The protocol and experimental measures were adapted from Thelen and colleagues (9). Forward falls were induced by releasing participants from a forward-leaning position. After release, participants attempted to recover their balance using a single step of the LL specified by the investigator. Successful recoveries were followed by another trial at a larger lean magnitude. Failed recoveries were followed by a second trial at the same lean magnitude. This process was repeated until participants failed to recover their balance with a single step for two consecutive trials at the same lean magnitude. The ability to recover from a fall was quantified by the maximum lean from which participants could recover their balance with a single step after being released (LeanMAX). Participants then repeated the experiment while stepping with the opposite LL to compare LeanMAX when stepping with the dominant or nondominant LL. A crossover design was used within both age groups to balance any learning effects between participants first stepping with the dominant LL and participants first stepping with the nondominant LL.

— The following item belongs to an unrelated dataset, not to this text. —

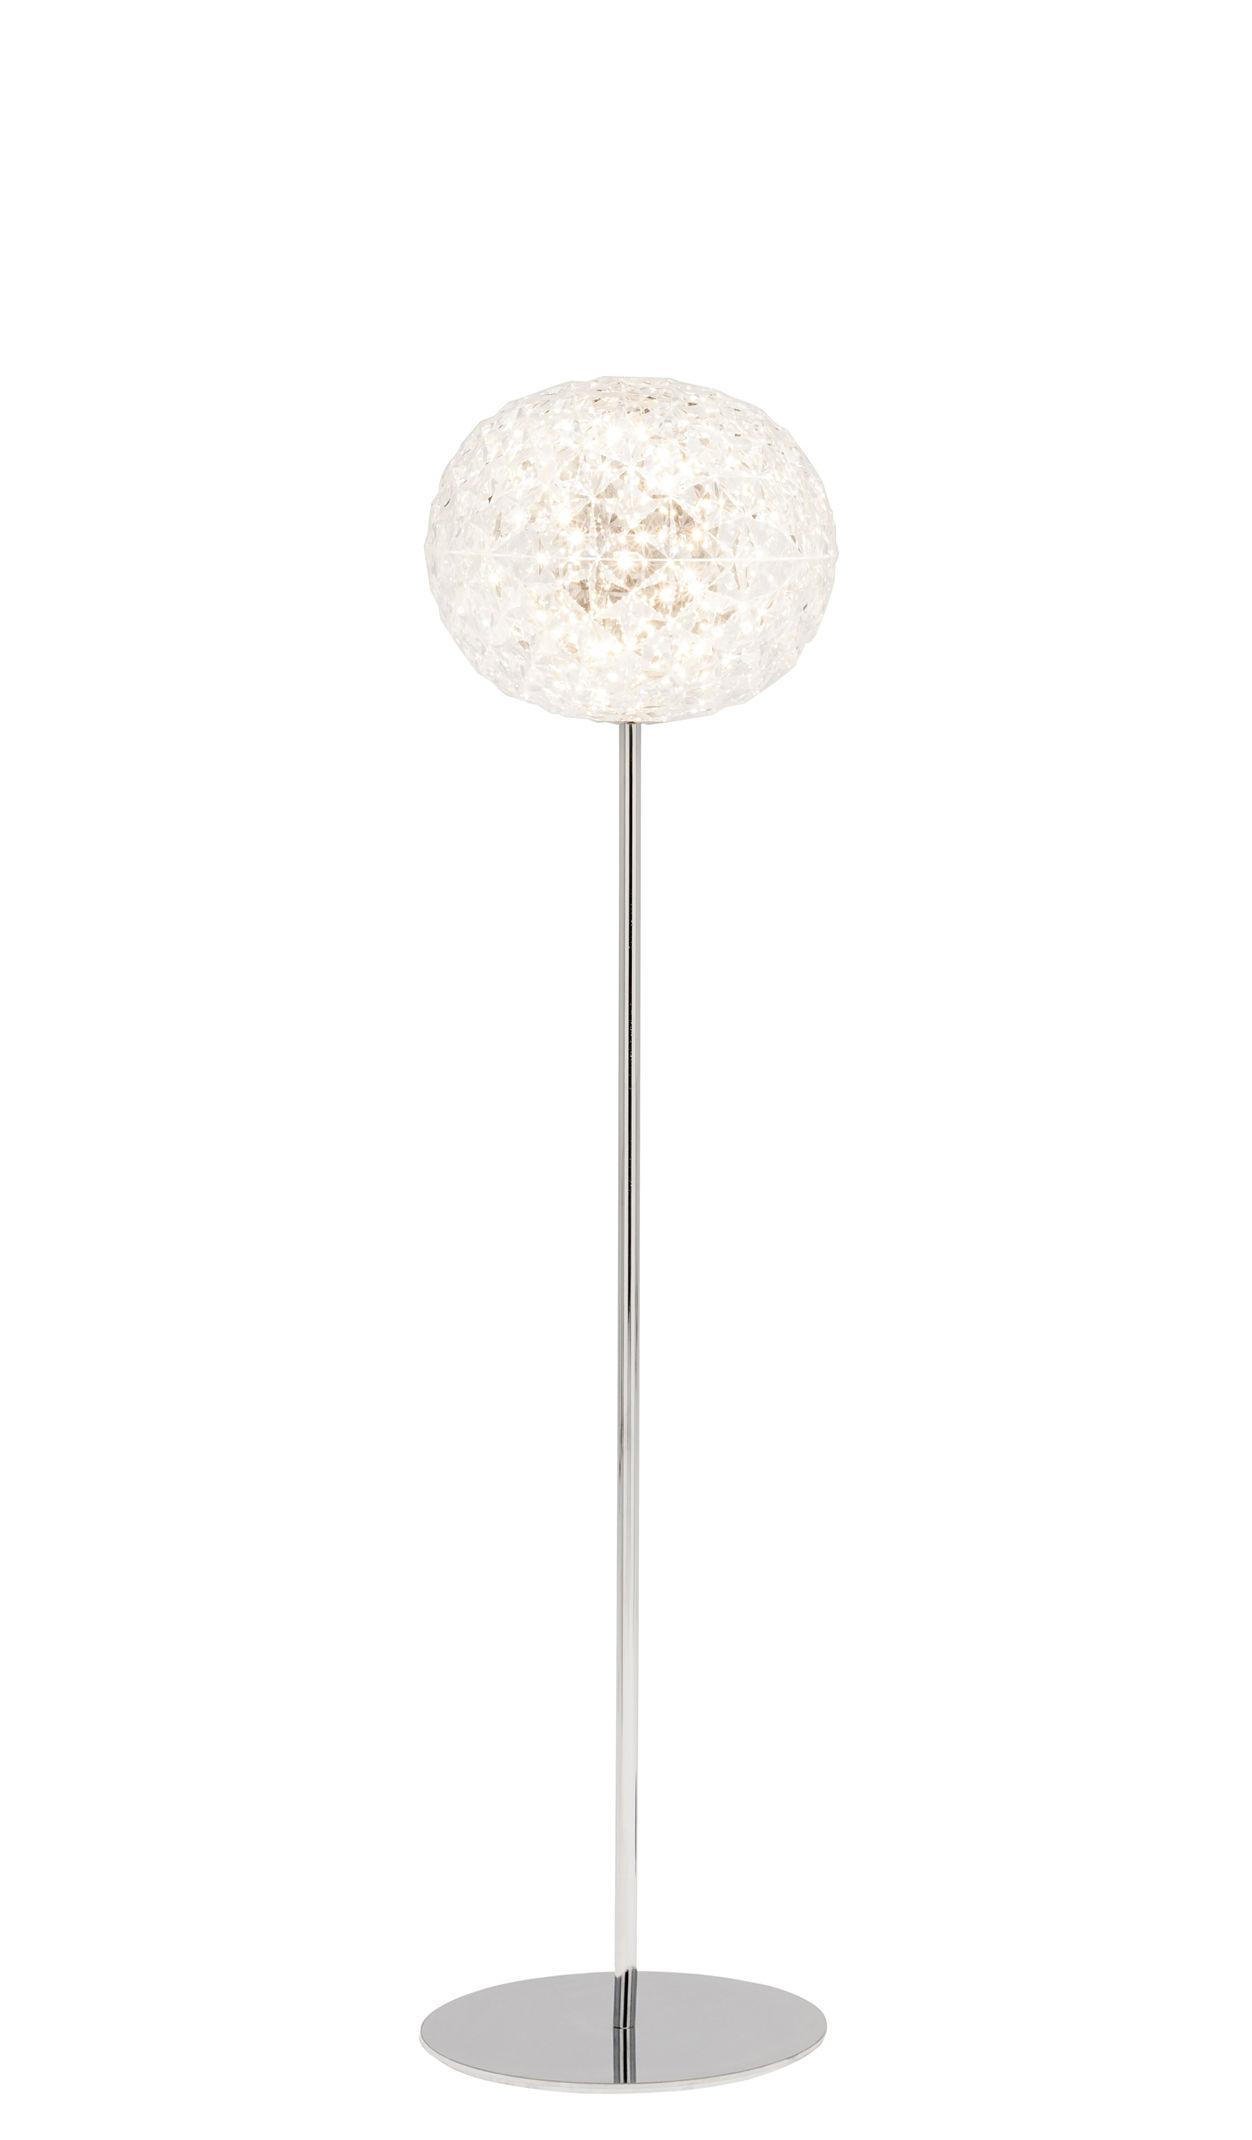 Luminaire - Lampadaires - Lampadaire Planet / LED - H 130 cm - Kartell - Cristal / Pied argent - Aluminium, Technopolymère thermoplastique

Participants were held in the forward-leaning posture using a lean support rope. One end of the rope was attached to the back of a belt worn by the participant, and the other end was held in a releasable clasp affixed to a stable wooden structure. Participants were released by activating a solenoid that opened the clasp and released the rope. Lean magnitude was quantified by measuring tension in the rope (in percent body weight; BW) using an in-line load cell (Cooper Instruments, Warrenton, VA). Lean magnitude was adjusted by requiring participants to maintain a consistent foot position with respect to a toe line on the floor and adjusting the length of the rope.

In the event of an unsuccessful recovery, a fall to the ground was prevented using a full-torso harness tethered to a ceiling-mounted support track with a fall-prevention lanyard. The length of the lanyard was adjusted so that when the participants reached for the ground, there was approximately two inches between their fingertips and the ground. This prevented any part of the participant's body, except the feet, from touching the ground. A load cell (Cooper Instruments) was mounted in-line with the lanyard to measure force applied to the harness.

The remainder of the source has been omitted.